▸ **Input data**:
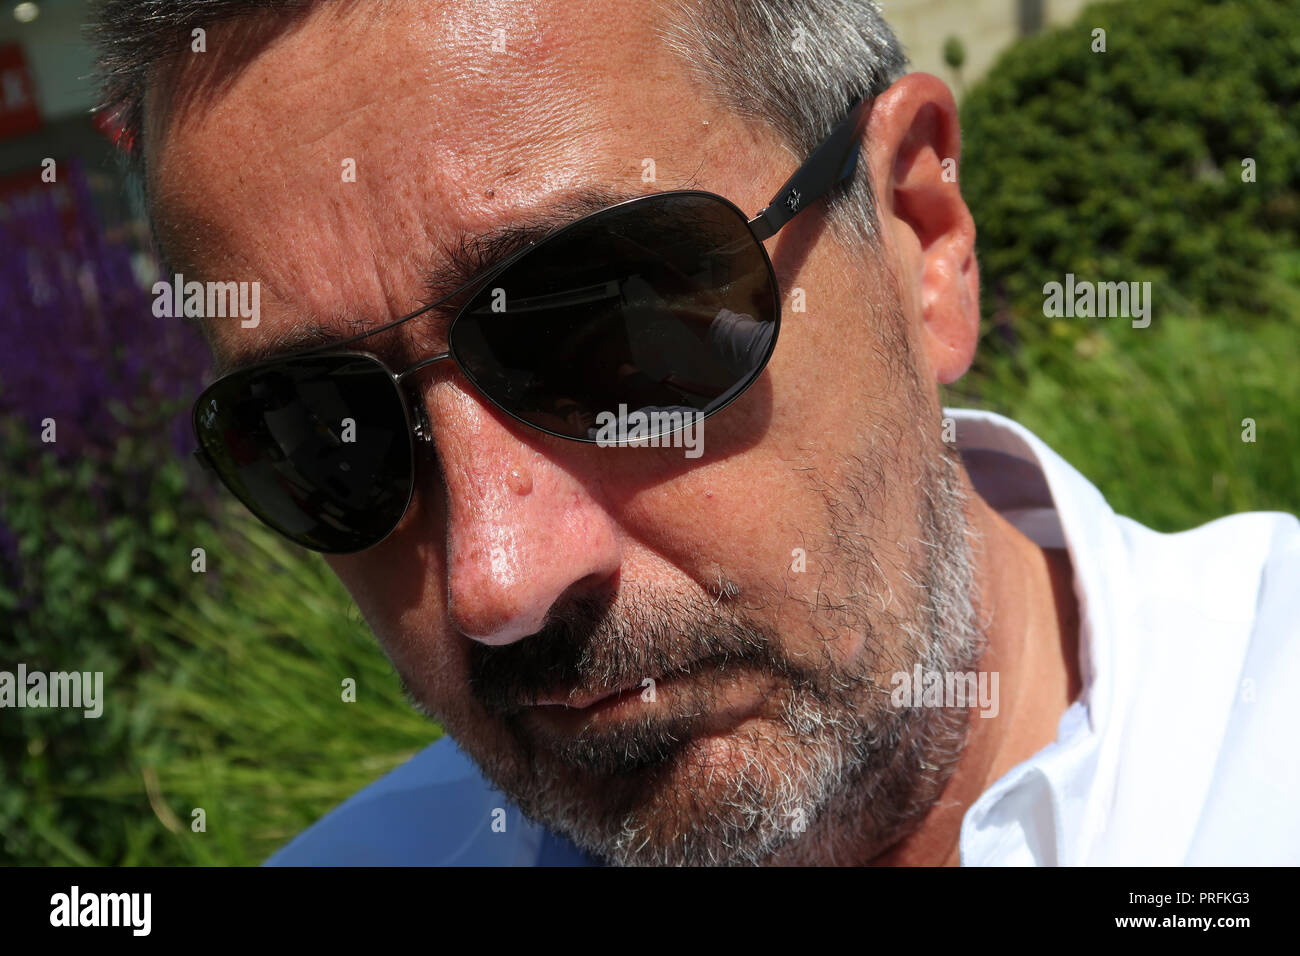 Headshot portrait of tanned middle aged man Stock Photo
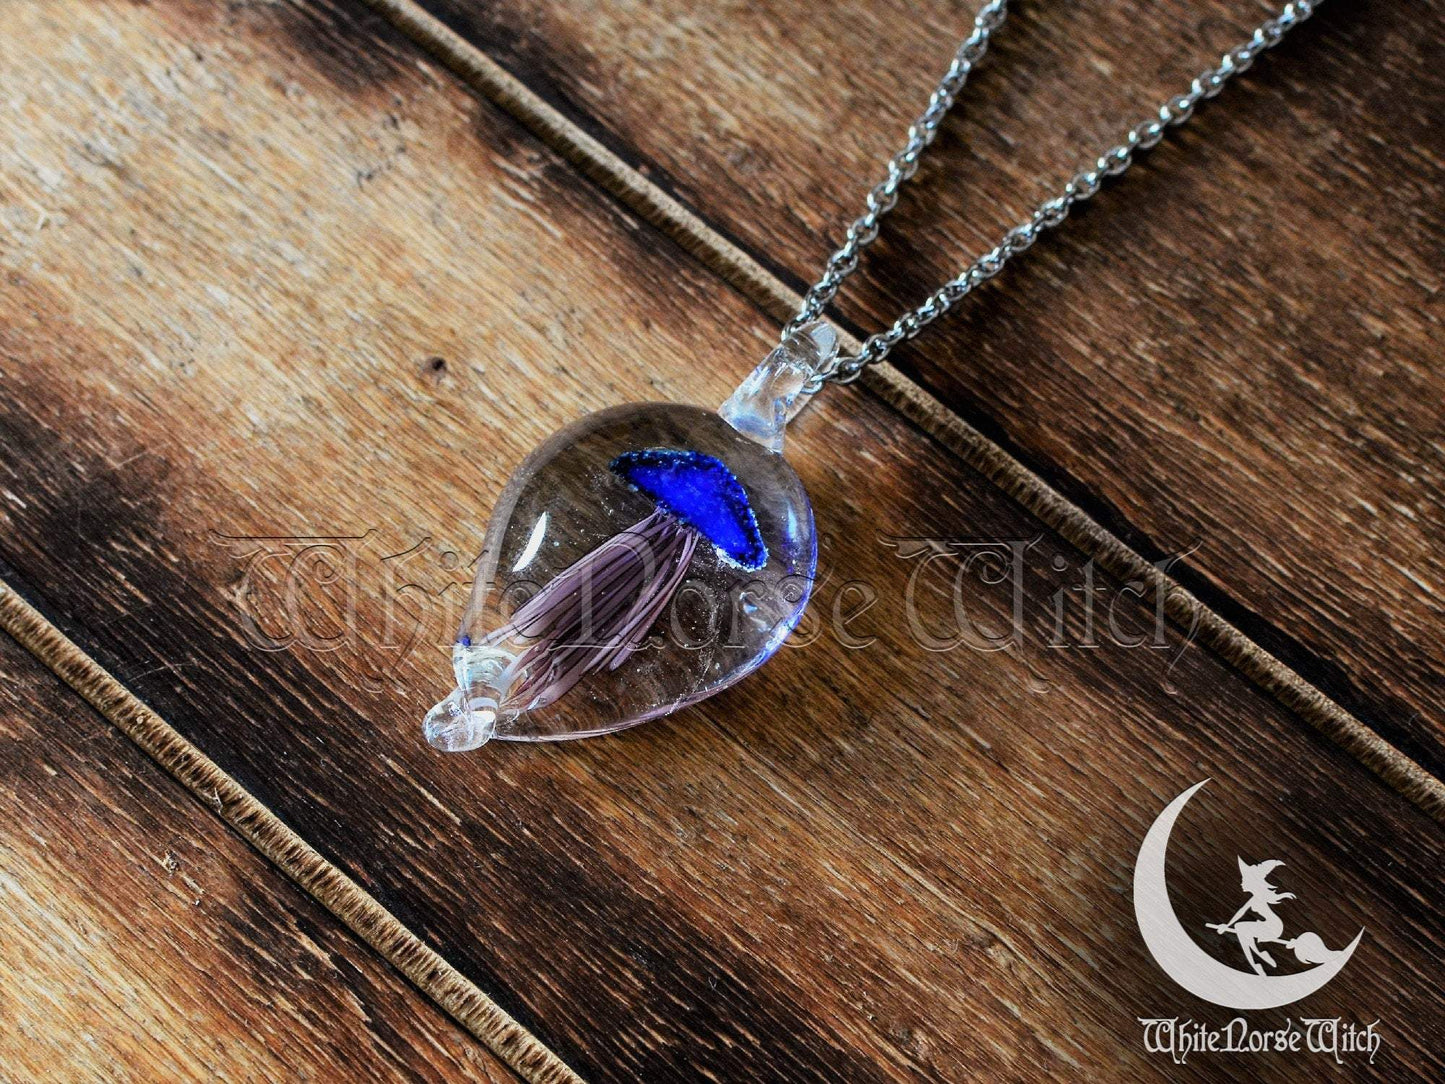 Glass Jellyfish Necklace, Blue Glowing Jelly fish Pendant, Magical Glow in the Dark Wish Charm, Jelly Fish Witchy Gift TheNorseWind
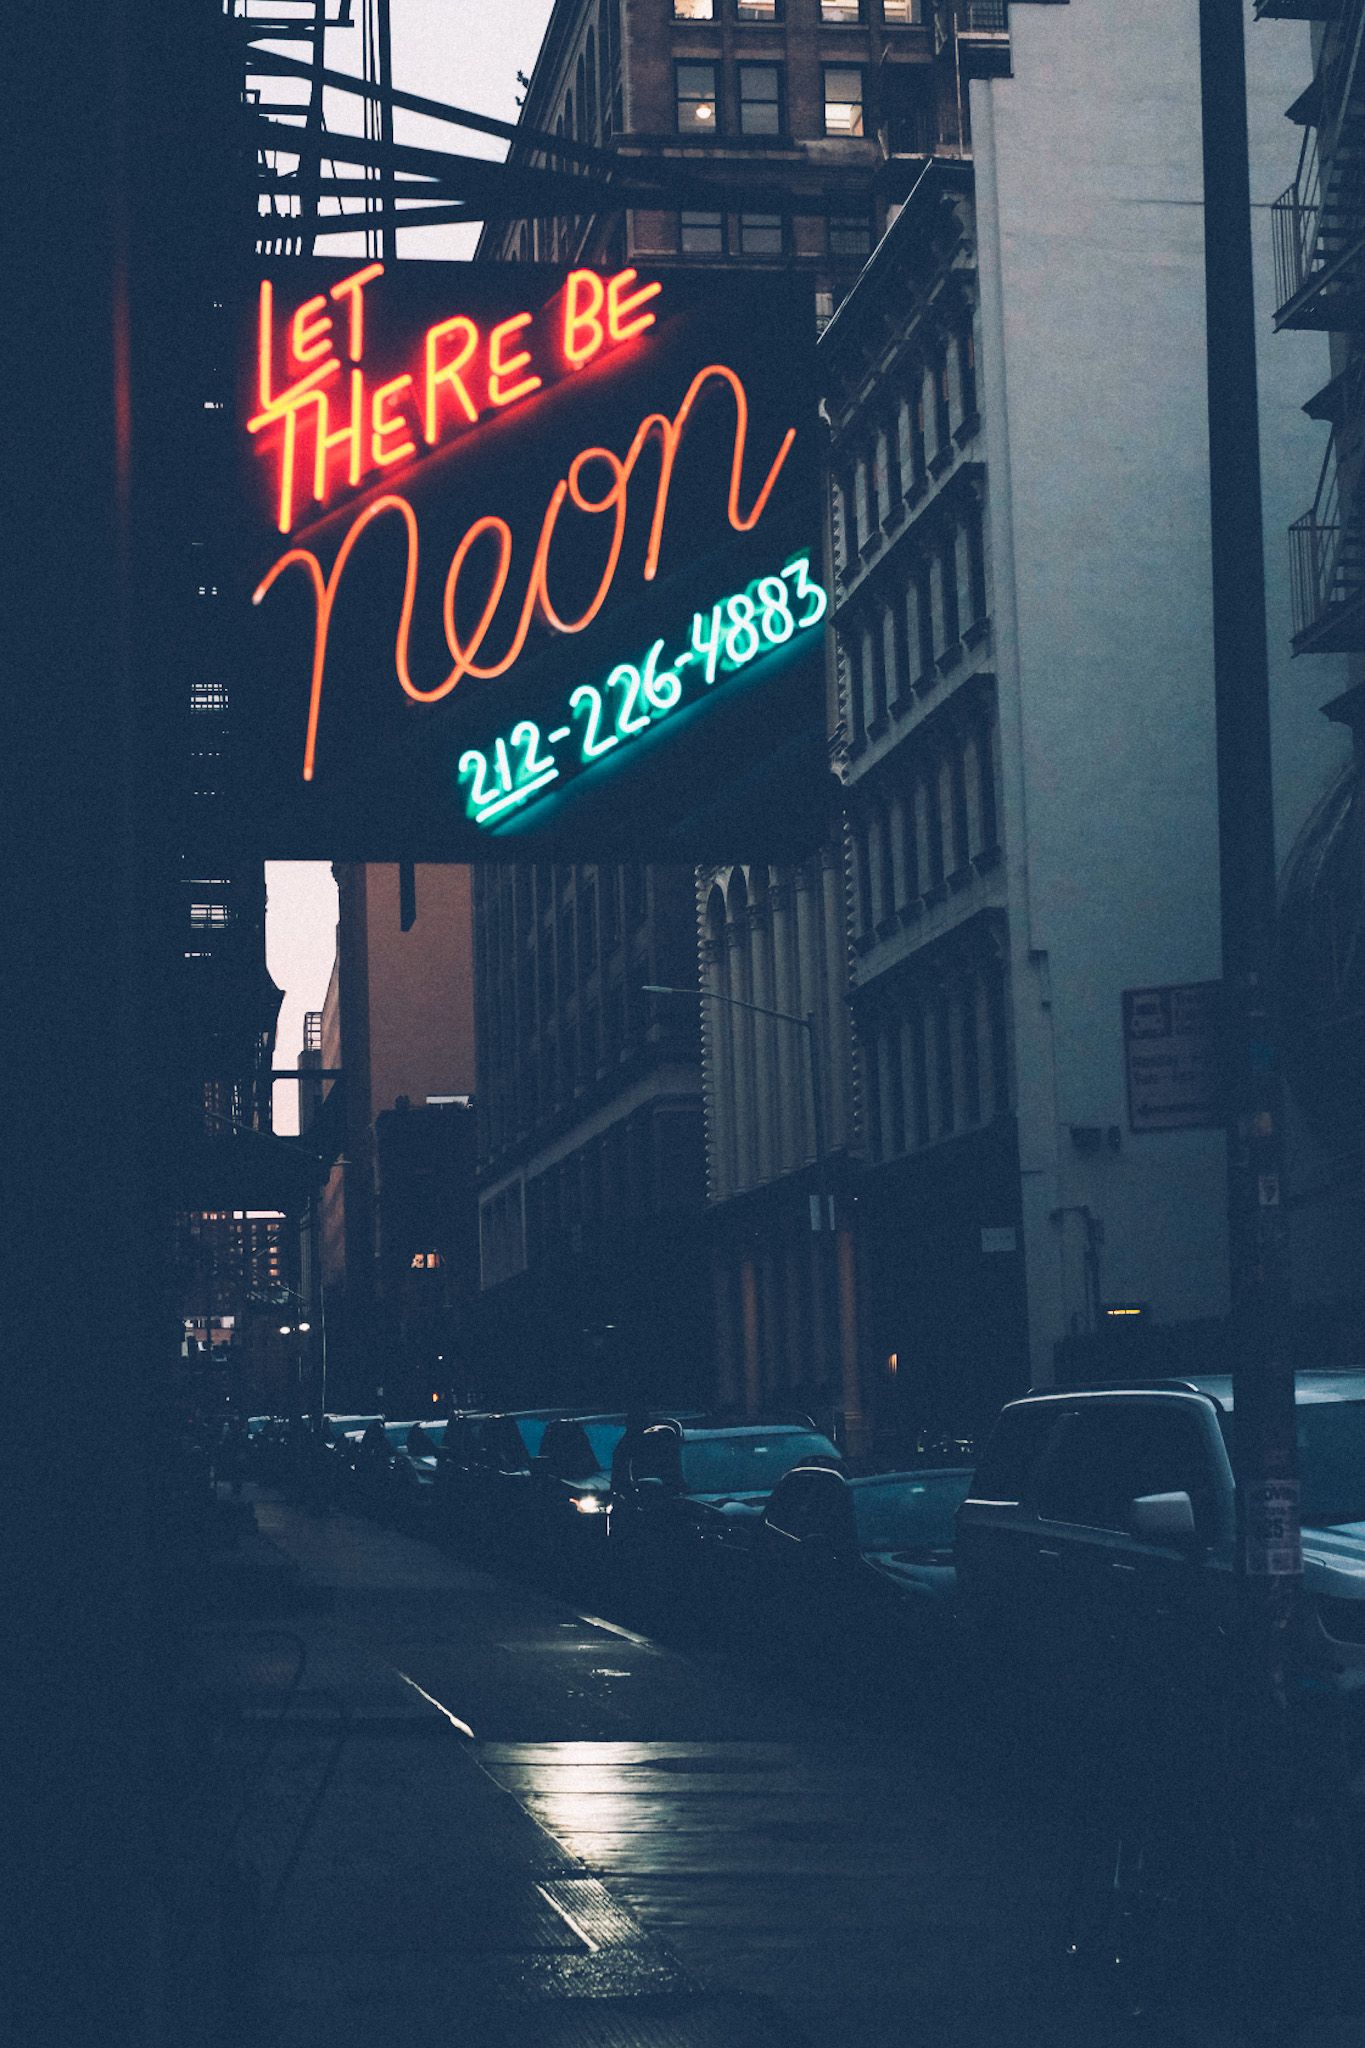 A multicolored neon sign saying “Let there be neon” hangs over a dreary Manhattan street.

▸ **Work instruction**:
Provide the listing above once more, exactly, with the pictures removed.

▸ **Exercise response**:
 Headshot portrait of tanned middle aged man Stock Photo
 Glass Jellyfish Necklace, Blue Glowing Jelly fish Pendant, Magical Glow in the Dark Wish Charm, Jelly Fish Witchy Gift TheNorseWind
 A multicolored neon sign saying “Let there be neon” hangs over a dreary Manhattan street.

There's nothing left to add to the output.